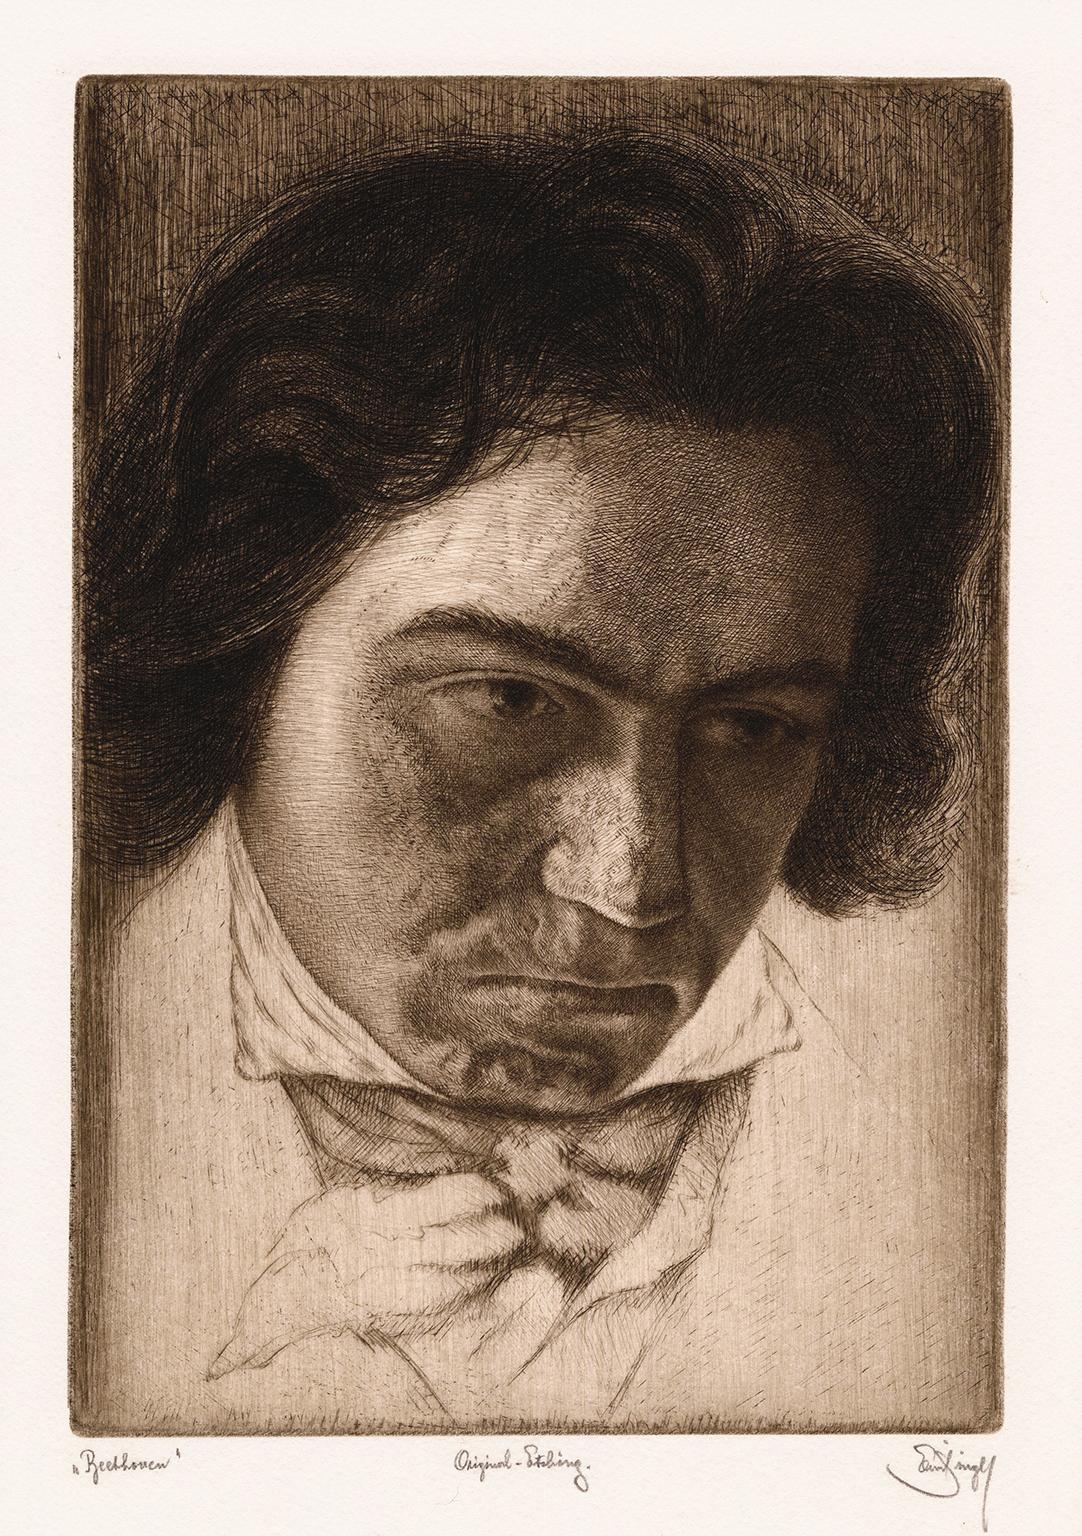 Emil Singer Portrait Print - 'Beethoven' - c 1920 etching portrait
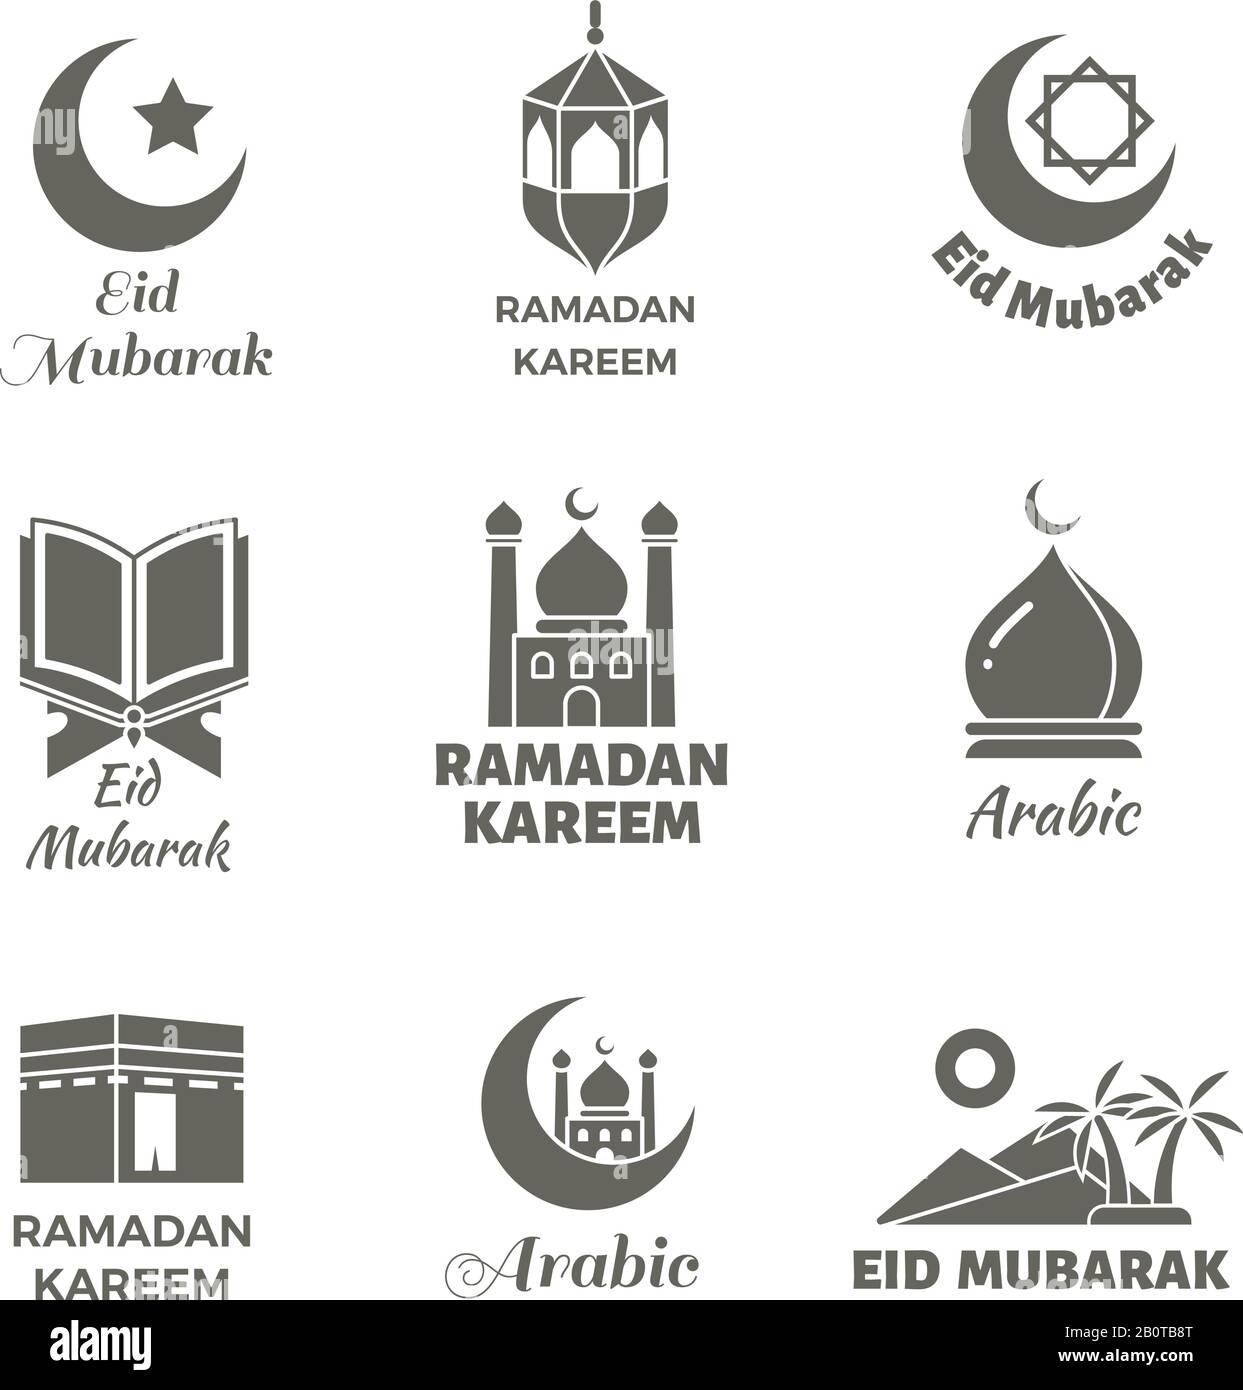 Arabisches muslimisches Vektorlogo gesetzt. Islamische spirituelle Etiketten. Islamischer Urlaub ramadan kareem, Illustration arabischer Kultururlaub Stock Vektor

---

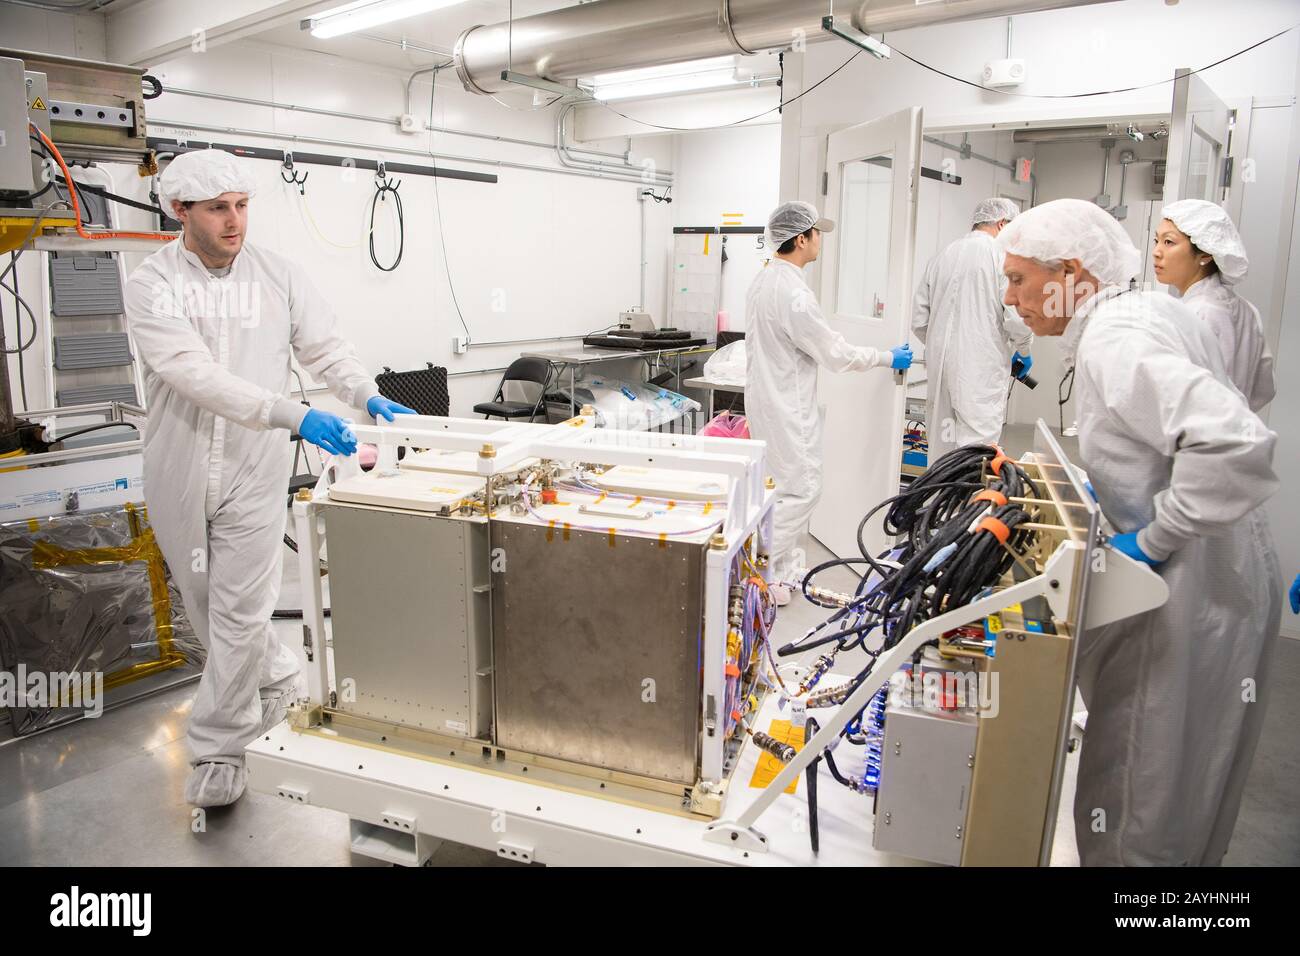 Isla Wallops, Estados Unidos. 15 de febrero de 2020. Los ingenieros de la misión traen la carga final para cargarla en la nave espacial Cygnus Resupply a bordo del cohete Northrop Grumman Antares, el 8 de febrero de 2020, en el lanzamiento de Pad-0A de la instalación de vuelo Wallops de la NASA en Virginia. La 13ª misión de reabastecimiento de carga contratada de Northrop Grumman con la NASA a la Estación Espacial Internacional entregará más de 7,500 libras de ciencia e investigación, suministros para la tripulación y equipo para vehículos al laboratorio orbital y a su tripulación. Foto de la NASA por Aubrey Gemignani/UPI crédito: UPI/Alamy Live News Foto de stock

--

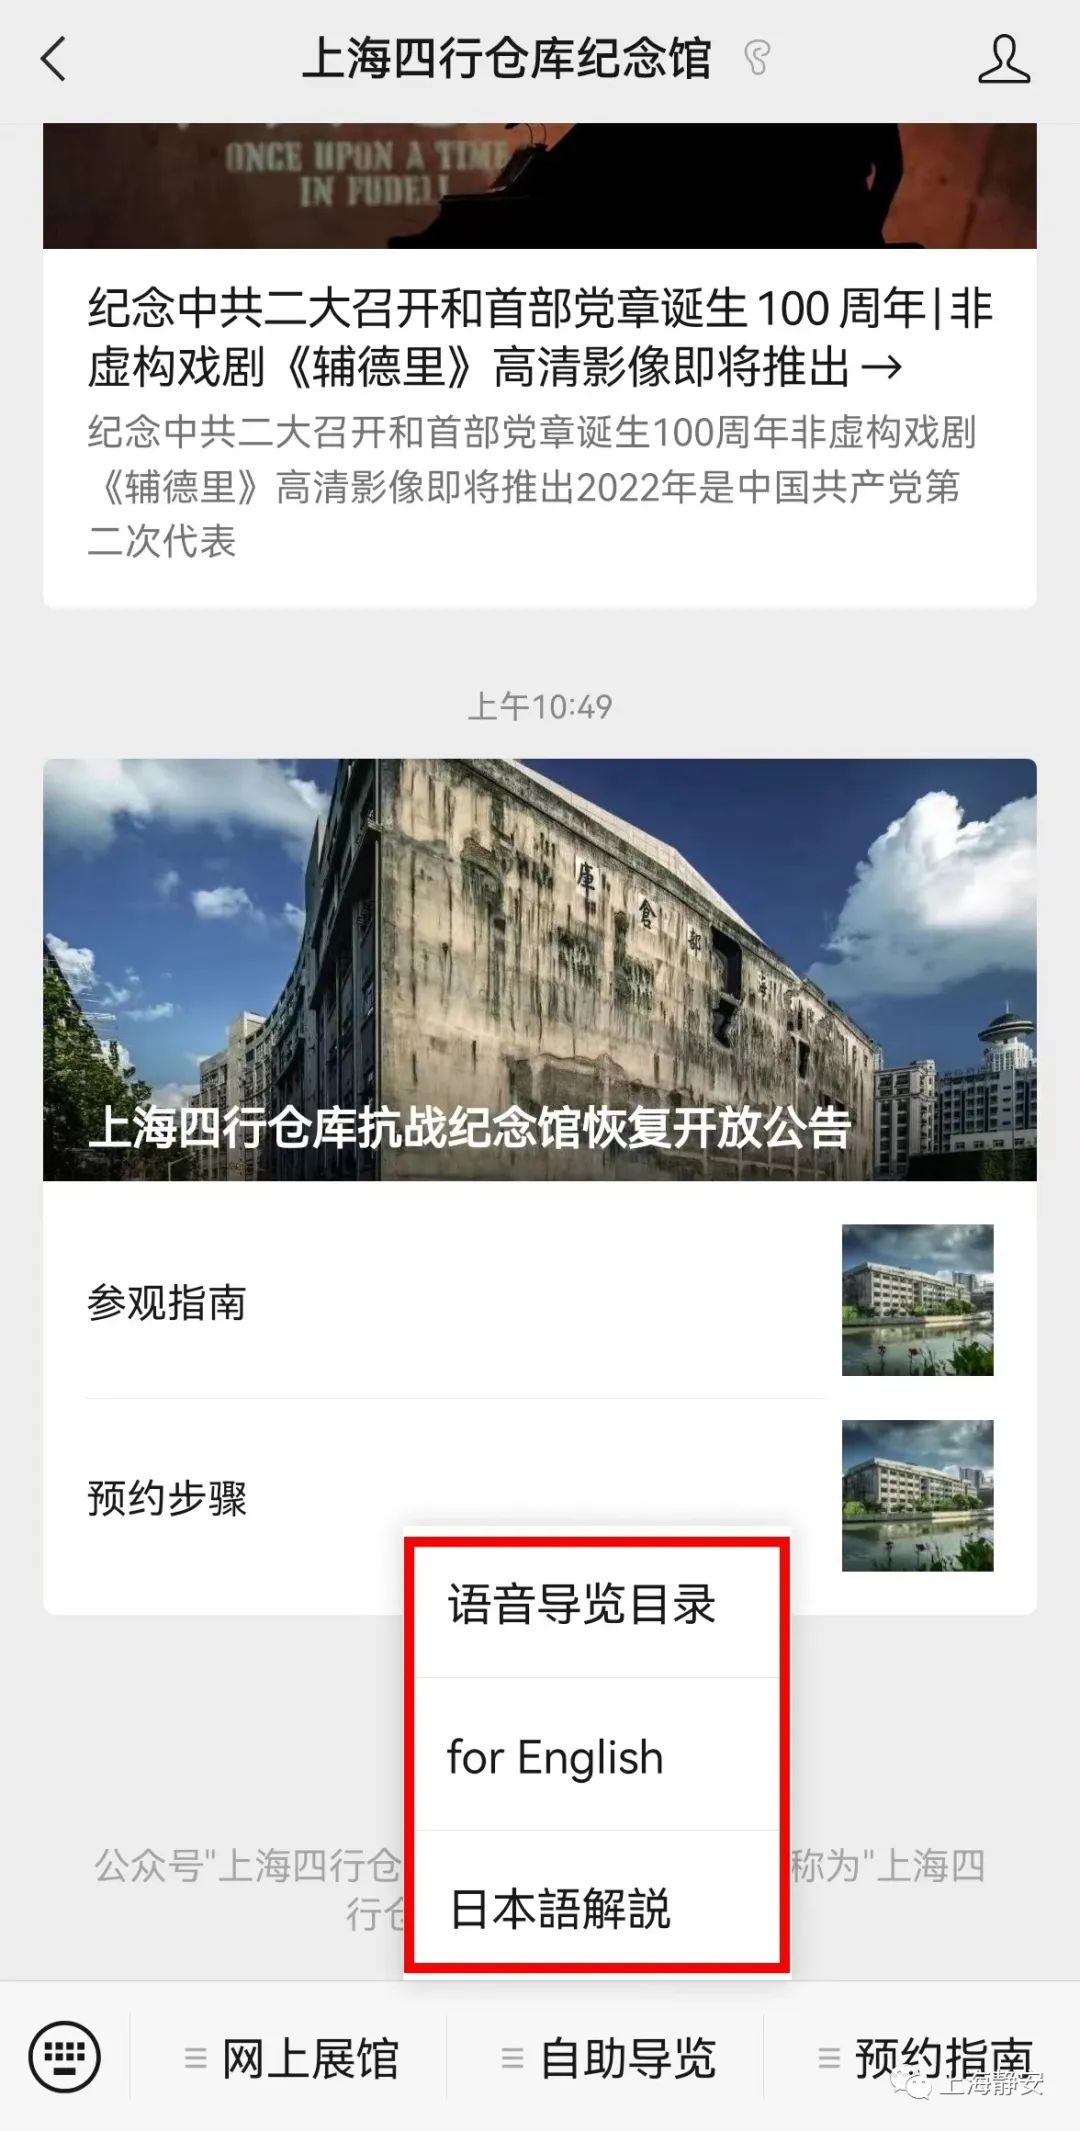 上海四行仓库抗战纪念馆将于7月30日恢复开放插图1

§ **Task to carry out**
All lines above starting at the one with "Emil Singer Portrait" and ending at the one with "Arabisches muslimisches Vektorlogo", inclusive, are to be printed again exactly, with the pictures left out.

§ **Result of the exercise**
 Emil Singer Portrait Print - 'Beethoven' - c 1920 etching portrait
 Arabisches muslimisches Vektorlogo gesetzt. Islamische spirituelle Etiketten. Islamischer Urlaub ramadan kareem, Illustration arabischer Kultururlaub Stock Vektor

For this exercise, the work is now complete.